Davacı sözleşmeler kapsamında ve sözleşmenin davalı tarafından haksız olarak sonlandırılması nedeniyle;
-Zorunlu olarak sezonluk bazı ürünlerin alımını davalının dayattığını,
-Davalının kur dayatması nedeniyle zararları olduğunu,
-Ürün satış fiyatı konusunda zorunlu fiyat dayatması yaptığını,düşük fiyata ürün satamadığını,
-Davalının fahiş kira sözleşmelerini imzalayarak davacıya dayatması nedeniyle zarara uğradığını,
-DBS sözleşmesi nedeniyle zarara uğradığını
-Mağazanın üçüncü kişi (ihbar edilen) … a devri ve devir bedeli alacağı bulunduğunu
-Müşteri defolusu ürünler nedeniyle … alacakları bulunduğunu
-13.945.90 TL lik faturalı alacağını tahsil edemediğini,
-Davalıya verdiği çeklerin iadesi gerektiğini
-Ticari itibarının sarsılması nedeniyle 100.000 TL manevi tazminat istemi olduğunu açıklamıştır.
24/11/2006 tarihinde Genel Ticari Şartlar ve Franchise Sözleşmesi imzalanmış olsada, taraflar arasında son olarak 09/02/2015 tarihli Yetkili Satıcılık Sözleşmesi ve eki Genel Ticari Şartları sözleşmesi imzalanmıştır.09/02/2015 tarihli sözleşme… verenin franchise alana bir know-how aktarımı , franchise alanın, franchise verene bir başlangıç (giriş) ücreti ödemesi, ciroya göre belirlenen ve periyodik olarak süren ücret ödemesi temel edimlerini (asli unsurlarını) taşımamaktadır. 24/11/2006 tarihli sözleşmede de bu unsurlar baskın değildir.Bu nedenle davacının yetkili satıcı olduğu kabul edilmiştir.
Her iki sözleşmenin de davacı yetkili satıcının işletme faaliyetlerini ve ekonomik özgürlüğünü sınırladığı sabit bulunmuştur. Bu haliyle davacı tarafın “Kelepçeleme Sözleşmesi” iddiası kabul edilmiştir. Davacının özellikle kiralama sözleşmesi nedeniyle ekonomik özgürlüğünün sınırlandığı tespit edilmiştir. Ekonomik özgürlüğünün sınırlanması nedeniyle bağımsız hareket edemeyen davacı sözleşme nedeniyle doğan zararlarını istemekte haklı bulunmuştur.

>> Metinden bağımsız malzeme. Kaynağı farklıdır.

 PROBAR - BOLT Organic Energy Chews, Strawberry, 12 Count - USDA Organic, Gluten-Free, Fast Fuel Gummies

Davacının kendisine karşı haksız rekabet eyleminde bulunulduğu iddiası somut verilerle ispat edilememiş, bilirkişi heyeti tarafından yapılan inceleme ve tespitler ile belirlenememiştir. Taraflar arasında uzun bir süre devam eden ticari ilişkinin sonradan haksız ticari uygulama ve haksız rekabet olarak nitelendirilmesi MK madde 2 uyarınca dürüstlük kuralı ve TTK m. 18 uyarınca basiretli tacir ilkesi ile bağdaşmamaktadır. Bu nedenle kabul edilmemiştir.
-Zorunlu fiyat dayatması
2002/2 sayılı …Anlaşmalara İlişkin Grup Muafiyeti Tebliğinde “Tarafların herhangi birisinin baskısı veya teşvik etmesi sonucu sabit veya asgari satış fiyatına dönüşmemesi koşuluyla, sağlayıcının azami satış fiyatını belirlemesi veya tavsiye etmesi mümkündür” düzenlemesi yer almaktadır.

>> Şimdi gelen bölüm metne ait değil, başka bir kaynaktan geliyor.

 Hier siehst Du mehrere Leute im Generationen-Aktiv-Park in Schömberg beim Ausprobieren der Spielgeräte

RKHK madde 4/2-a gereğince “Belirli bir mal veya hizmet piyasasında doğrudan veya dolaylı olarak rekabeti engelleme, bozma ya da kısıtlama amacını taşıyan veya bu etkiyi doğuran yahut doğurabilecek nitelikte olan teşebbüsler arası anlaşmalar, uyumlu eylemler ve teşebbüs birliklerinin bu tür karar ve eylemleri hukuka aykırı ve yasaktır. ”
Rekabeti sınırlayıcı anlaşma, uyumlu eylem ve kararlar RKHK kapsamında yasaklanmıştır. Yasa koyucu haksız rekabet eylemleri olarak “Mal veya hizmetlerin alım ya da satım fiyatının, fiyatı oluşturan maliyet, kar gibi unsurlar ile her türlü alım yahut satım şartlarının tespit edilmesi “hallerini özellikle zikretmiştir.
Dikey bir anlaşma olan… sözleşmesi açısından da franchise verenin, franchise alanların sürümünü yapacağı mal veya hizmetlerinin satış fiyatını belirlemesi rekabet ihlali oluşturabilir. … verenin 2002/2 sayılı Dikey Anlaşmalara İlişkin Grup Muafiyeti Tebliği’ne uygun olarak fiyat tavsiyesinde bulunduğundan bahsedebilmek için, azami veya sabit fiyat belirlemesinde bulunması tavsiye fiyatın bağlayıcı olmadığının işaret edilmesi, baskı ve teşvik yoluyla asgari veya sabit fiyata dönüşmemesi gerekmektedir.Yeniden satış fiyatının tespiti, alıcının belli bir yeniden satış fiyatına bağlı kalmaması halinde uyarılması, tehdit edilmesi, cezai yaptırımlara muhatap olması, sözleşmesinin feshedilmesi, siparişlerinin geciktirilmesi ya da iptal edilmesi gibi çeşitli şekillerde ortaya çıkabilmektedir.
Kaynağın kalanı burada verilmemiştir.